OpenAI's CLI docs also note:
- CLI support is available on macOS and Linux
- Windows support is experimental
- WSL is the recommended path on Windows for the best experience
If you prefer GUI-heavy workflows, the Codex app is worth a look. OpenAI positions it as the place for multiple parallel agents, worktrees, automations, and built-in git flows. If you already live in VS Code, Cursor, or Windsurf, the IDE extension is the most natural entry point.
My recommendation is simple:
- Start with CLI if you want to learn the fundamentals
- Use the IDE extension if most of your work is file-by-file editing
- Use the Codex app when you want multiple concurrent threads, worktrees, or automations
The Mental Model That Makes Codex Better
OpenAI's best practices guide gives a simple default structure for prompts. Use these four parts every time:
| Part | What it means |
|---|---|
| Goal | What exactly should change? |
| Context | Which files, folders, docs, errors, or examples matter? |
| Constraints | What rules, architecture, safety limits, or conventions must be followed? |
| Done when | How do we know the task is complete? |
That is the whole game.
Most bad Codex output comes from missing one of these.
For example, this is weak:
Fix auth.
This is much better:
Goal: Fix the login redirect loop for authenticated users.
Context: The issue is in `src/middleware.ts`, `src/lib/auth.ts`, and the `/login` flow. It started after the session cookie rename.
Constraints: Do not change the database schema. Keep the current JWT strategy. Avoid unrelated refactors.
Done when: Logged-in users can refresh `/dashboard` without being redirected to `/login`, and the auth test suite passes.
That prompt is not fancy. It is just clear.
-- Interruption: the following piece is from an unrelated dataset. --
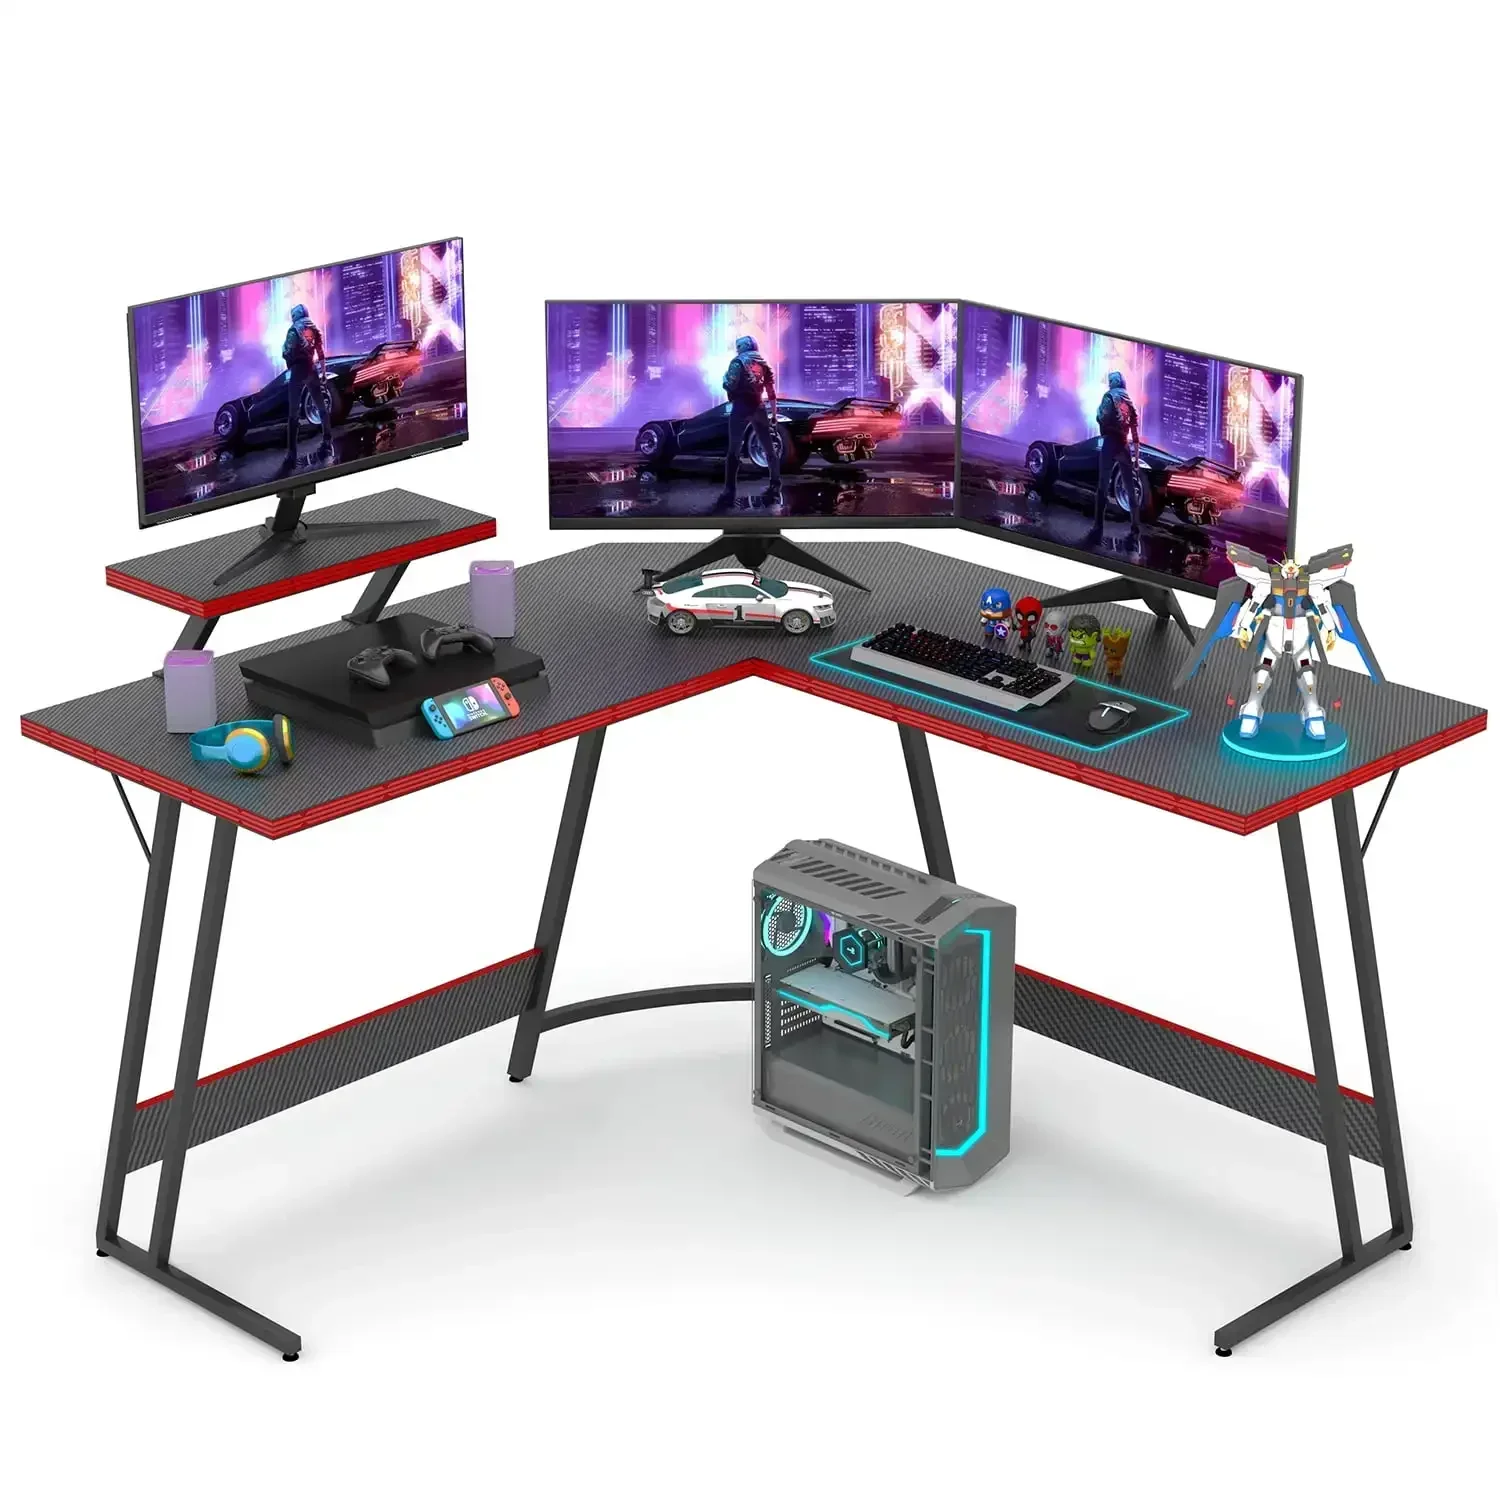 

51 Inch L-Shaped Gaming Computer Corner Desk PC Gaming Desk Table with Large Monitor Riser Stand,Black/Blue/Pink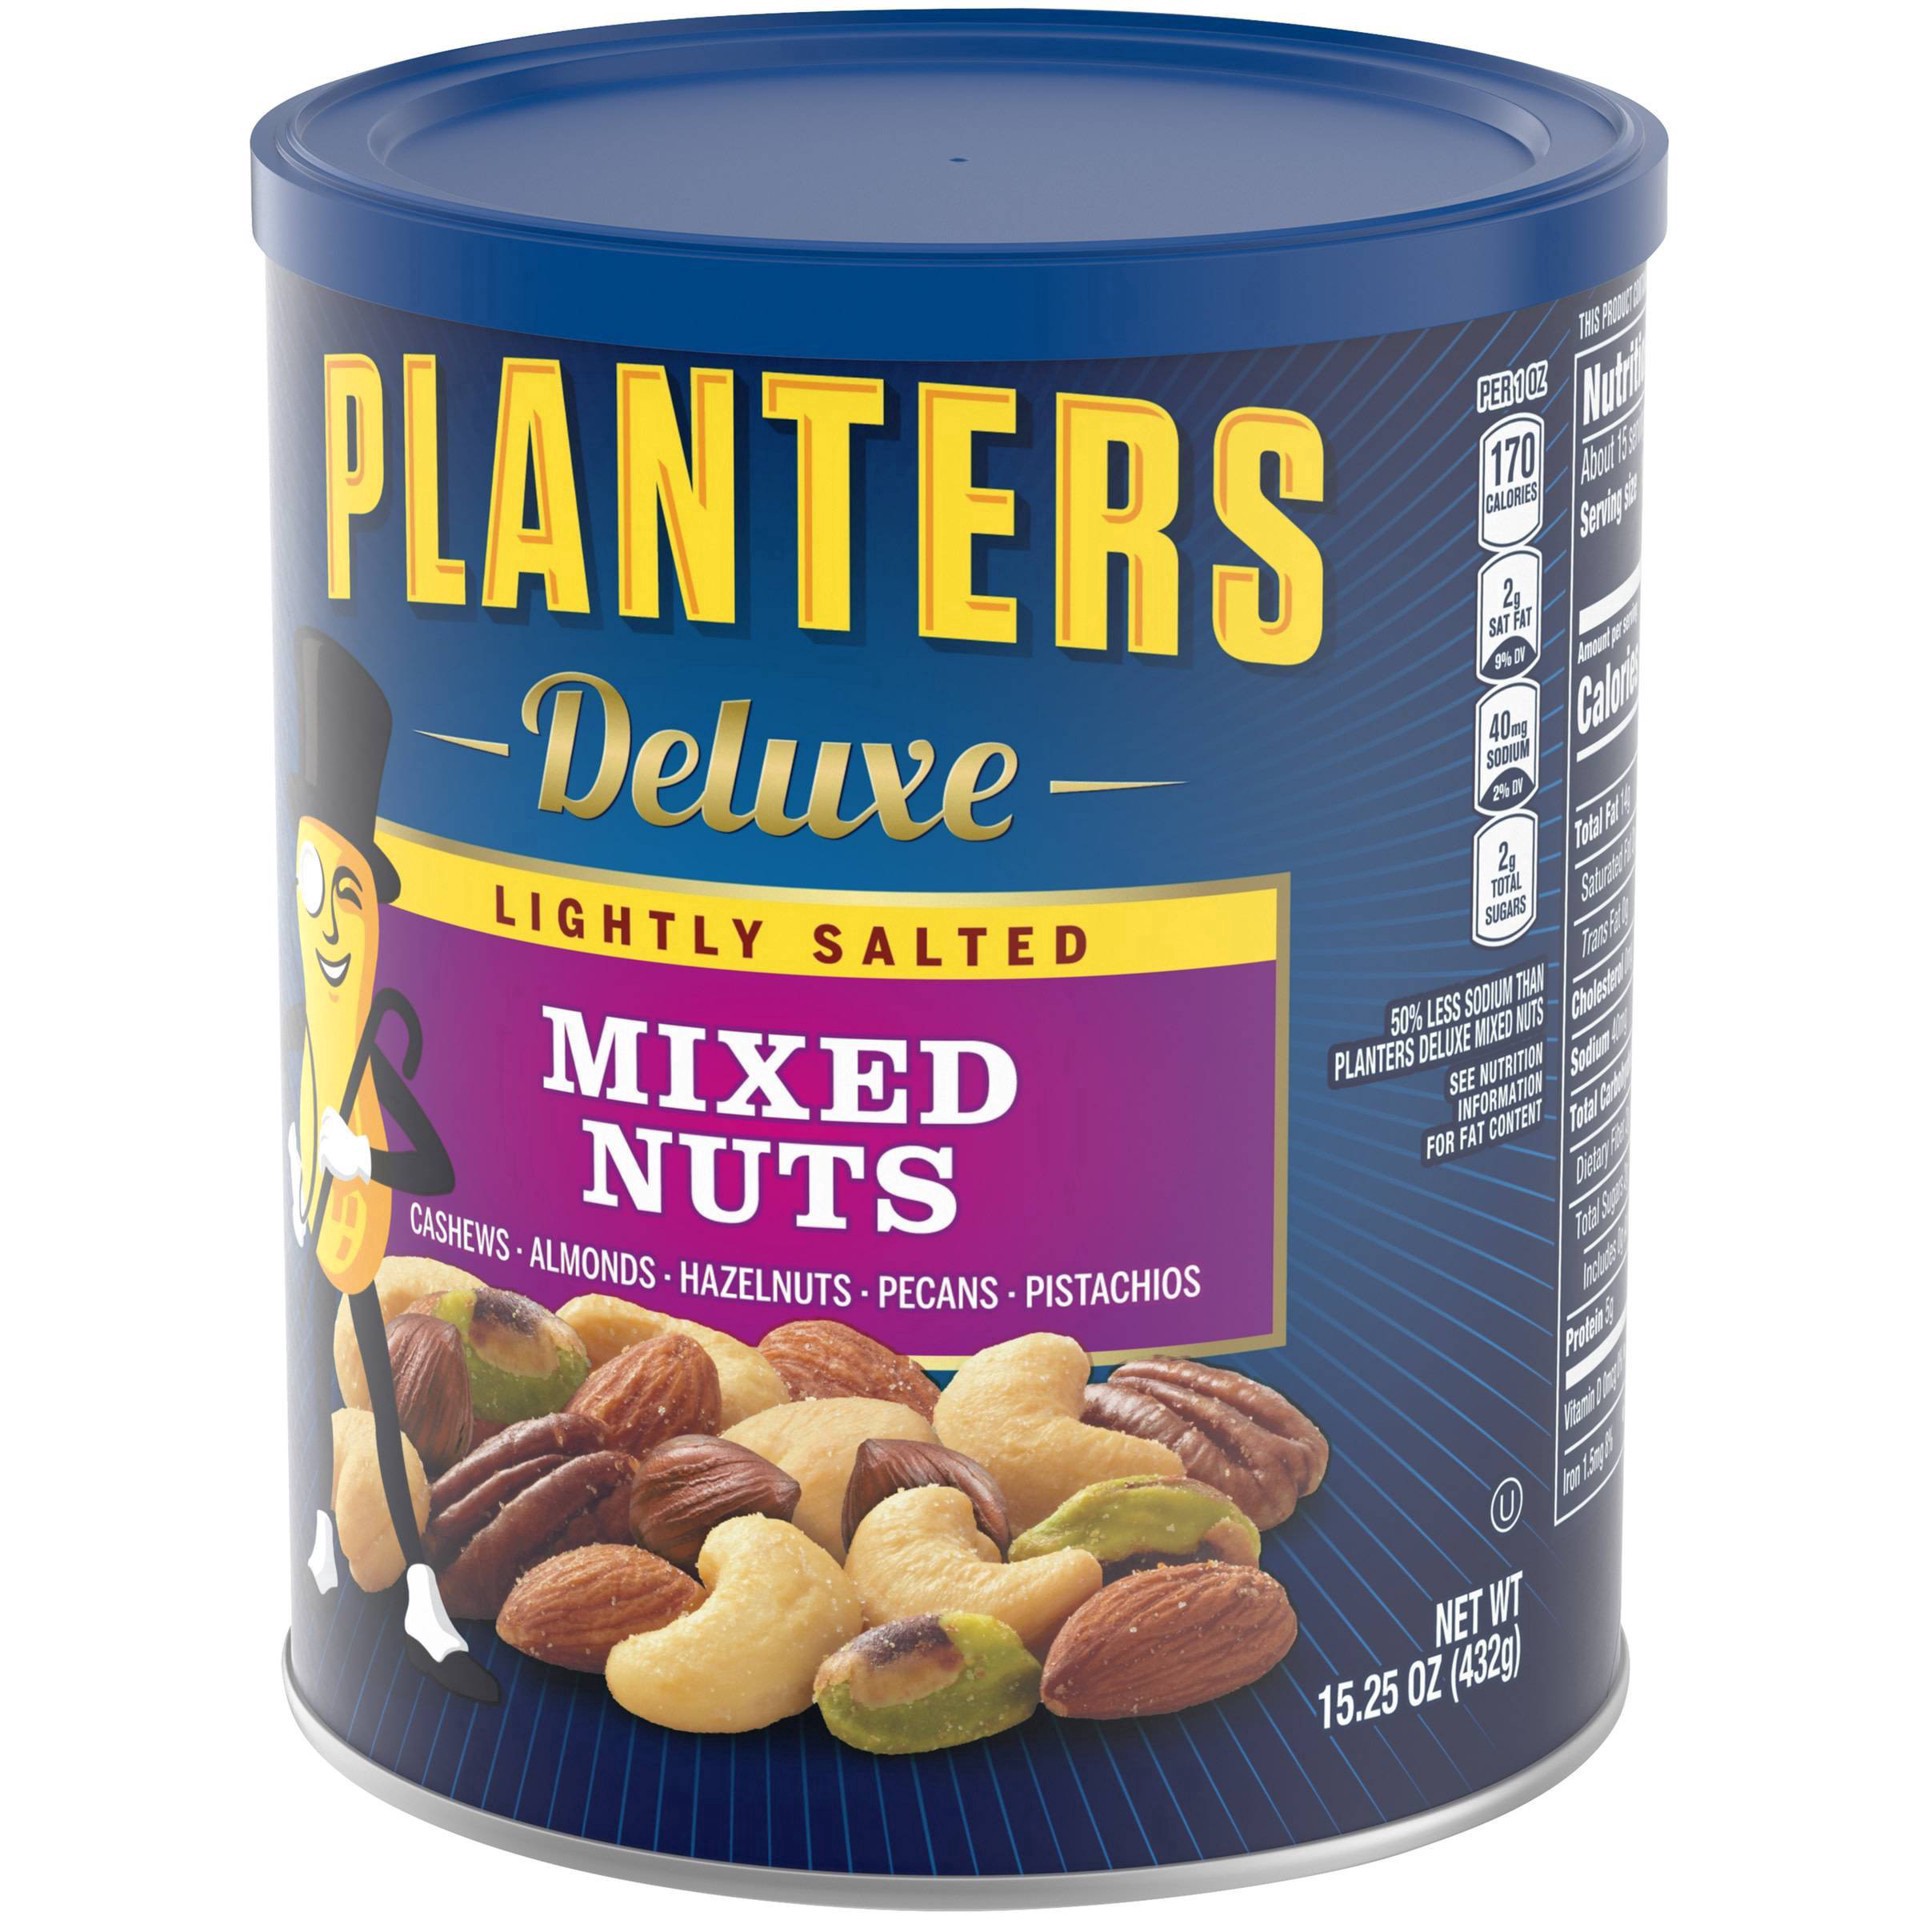 slide 29 of 46, Planters Deluxe Lightly Salted Mixed Nuts 15.25 oz, 15.25 oz

Codex rewards clarity much more than clever prompting.
Your First Good Prompts
If you are new, save these.
1. Fix a Bug
Goal: Fix a bug in [feature].
Context: The problem appears in [files]. The current behavior is [bad behavior]. The expected behavior is [expected behavior]. Relevant error/output: [paste it].
Constraints: Keep the change minimal. Do not rename public APIs. No unrelated formatting changes.
Done when: The bug no longer reproduces, the relevant tests pass, and you explain the root cause in plain English.
2. Build a Feature
Goal: Implement [feature].
Context: Follow the existing patterns in [files/components]. Use [library/tool] if possible. The UI/API should match [reference].
Constraints: Keep this scoped to [files or directories]. Add tests. Do not change unrelated modules.
Done when: The feature works end to end, tests pass, and the final diff is limited to the intended files.
3. Refactor Safely
Goal: Refactor [module] for maintainability.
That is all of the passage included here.